With 500 images, the two-book set spans more than three decades of the photographer’s work, from his adolescence to the present day

In some ways, Alasdair McLellan’s HOME and AWAY is a retrospective, its contents spanning work from the photographer’s early teens to present day. But it’s mostly a testament to his enduring instinct—the images taken in 1987 near indistinguishable from those captured last year.

“I suppose it’s a return to simpler times; it was just me and the subject rather than having 30 people standing behind me waiting for the picture to be taken, as it often is now,” McLellan said. “But at the heart of the pictures then and now, it’s still that same relationship—it’s only who or what you photograph that really matters.”
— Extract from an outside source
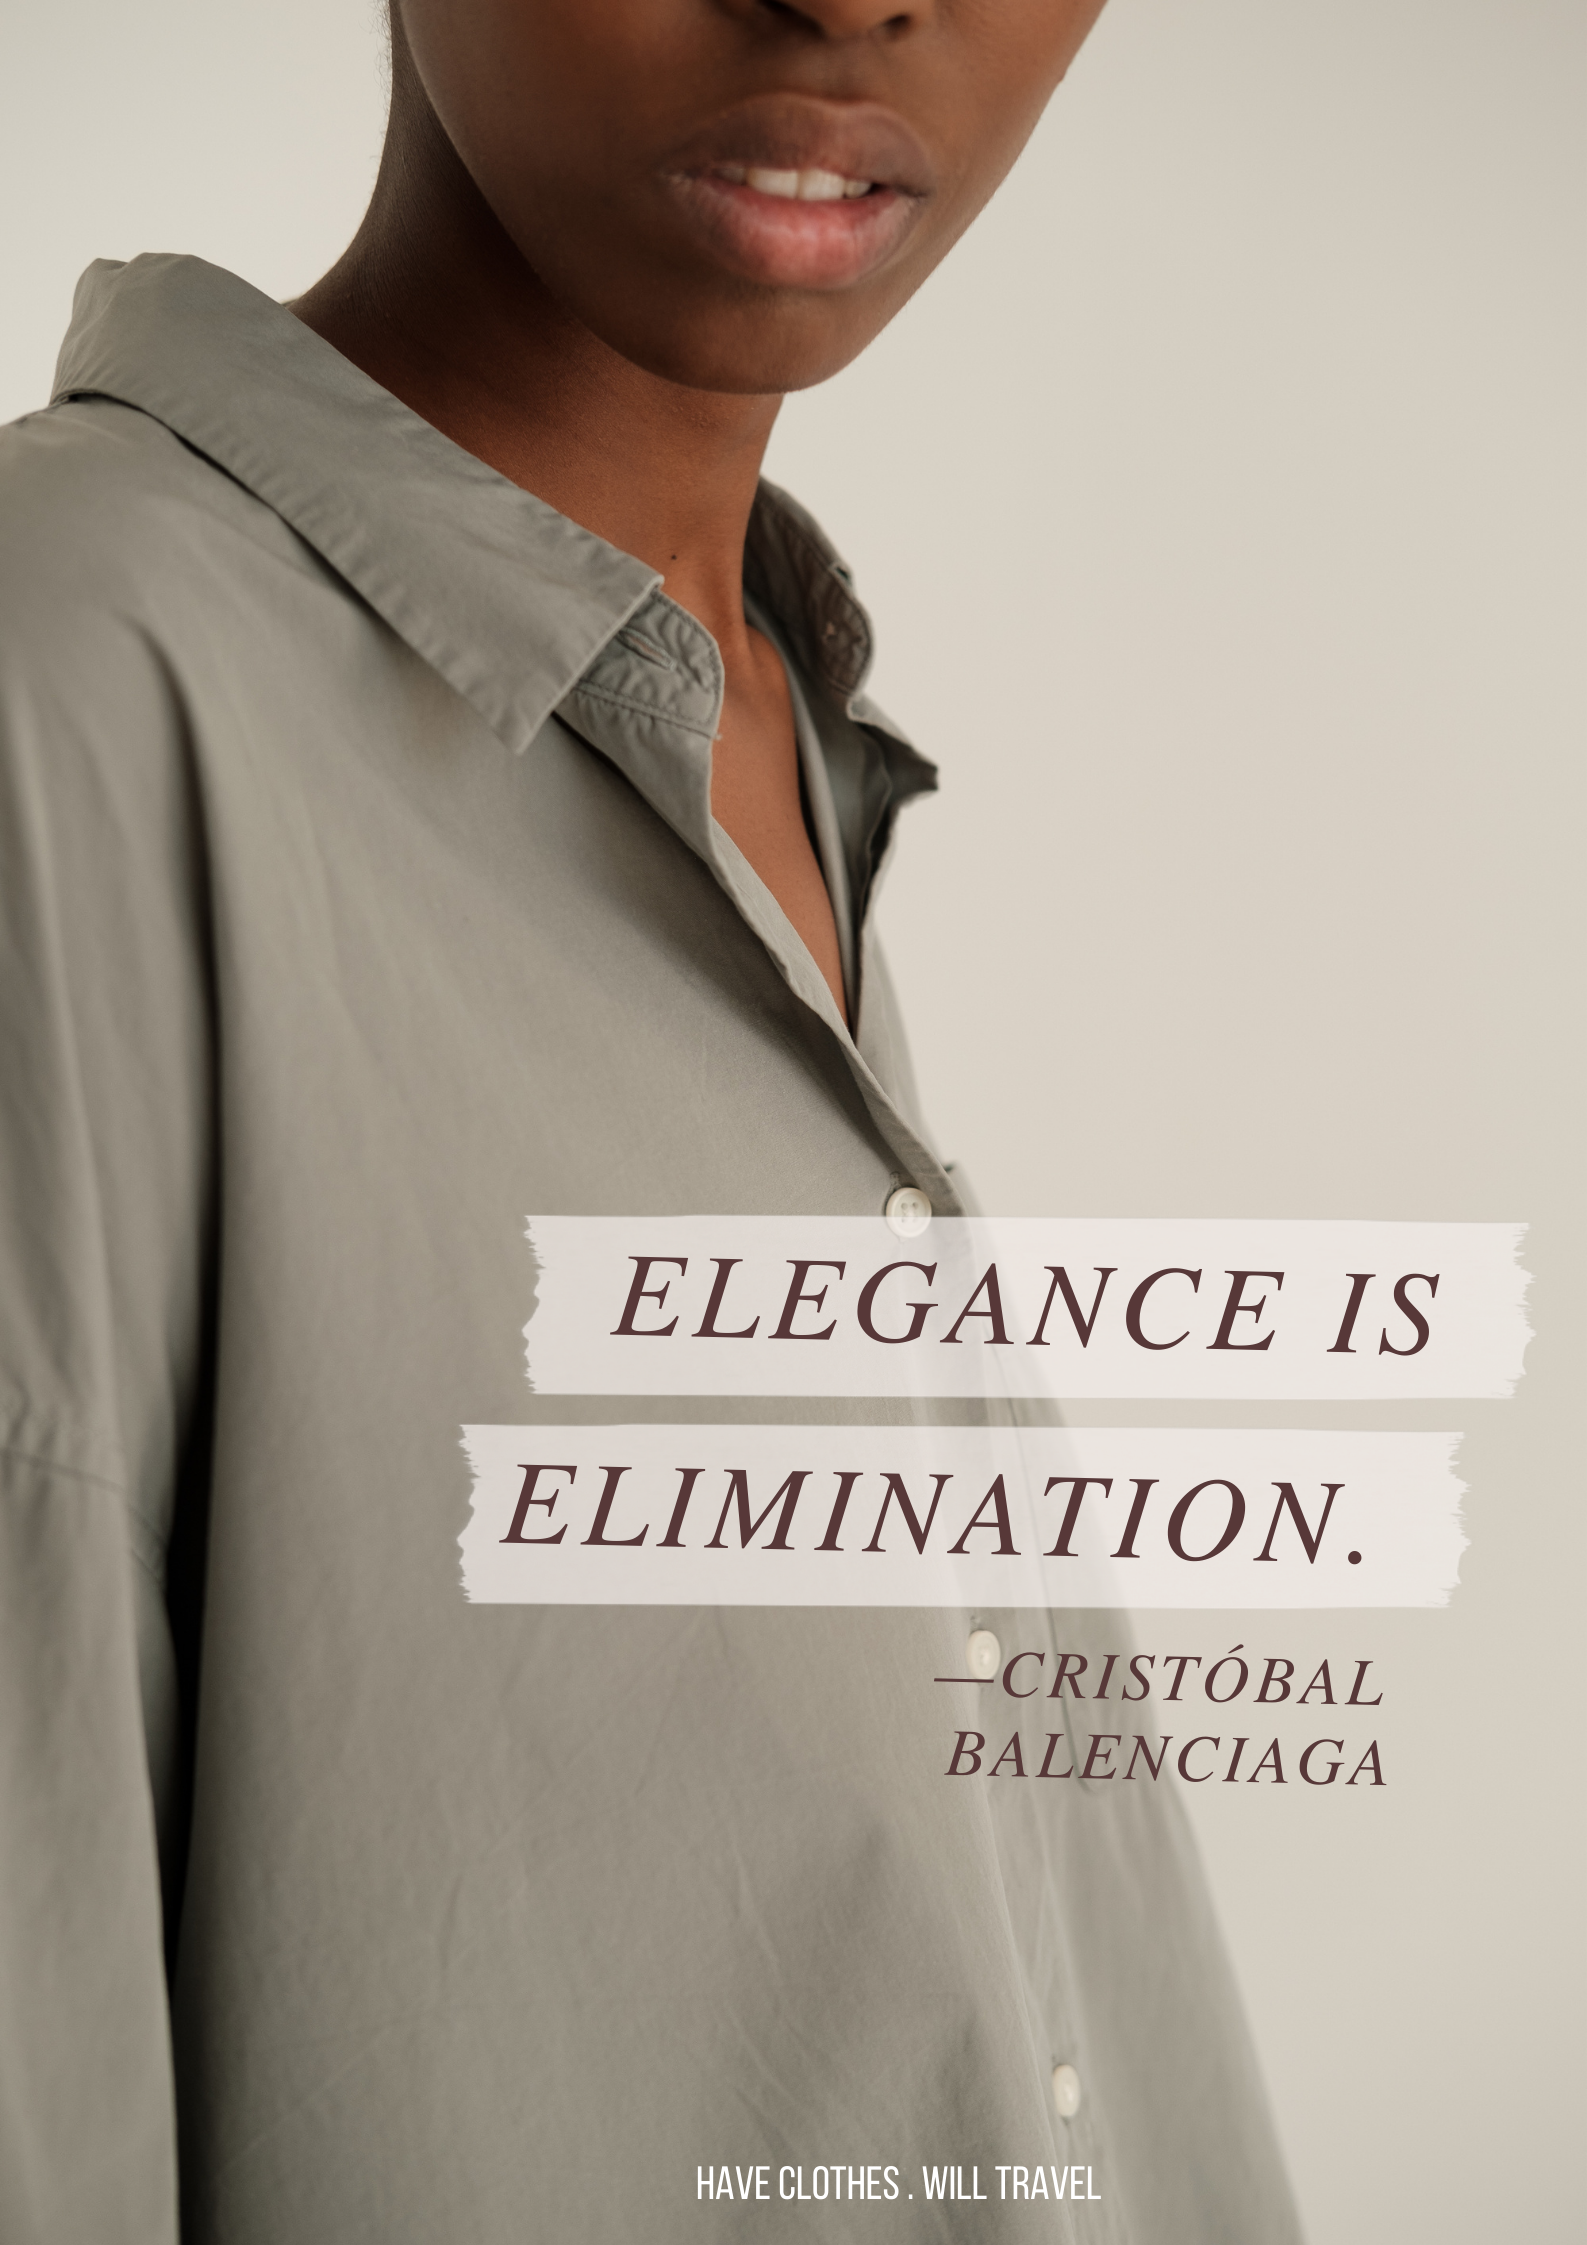 A simple image of a young model wearing a classic gray linen shirt. The image is cropped to only show the model's face from the chin down. Text on the image reads, "Elegance is elimination. — Cristóbal Balenciaga"

The book is split into two parts: Biscuit Billy’s and Seventh Heaven. In the early stages of its conception, it was to be titled The New Elizabethans for his recurring British subjects, but the title didn’t encapsulate the nuance of the images—it felt “far too royal” for the intimacy offered in McLellan’s photographs.

Across 500 images, the two-book set is a portrait of the artist himself, his eye and his openness. HOME and AWAY is proof of his personhood—that which has persisted within his sensibilities, immune to time and experience. It’s a window into what makes up the essence of Alasdair McLellan.

Alasdair McLellan will be signing copies of HOME and AWAY in Paris on June 23 as the opening event of PROGRAM/ME.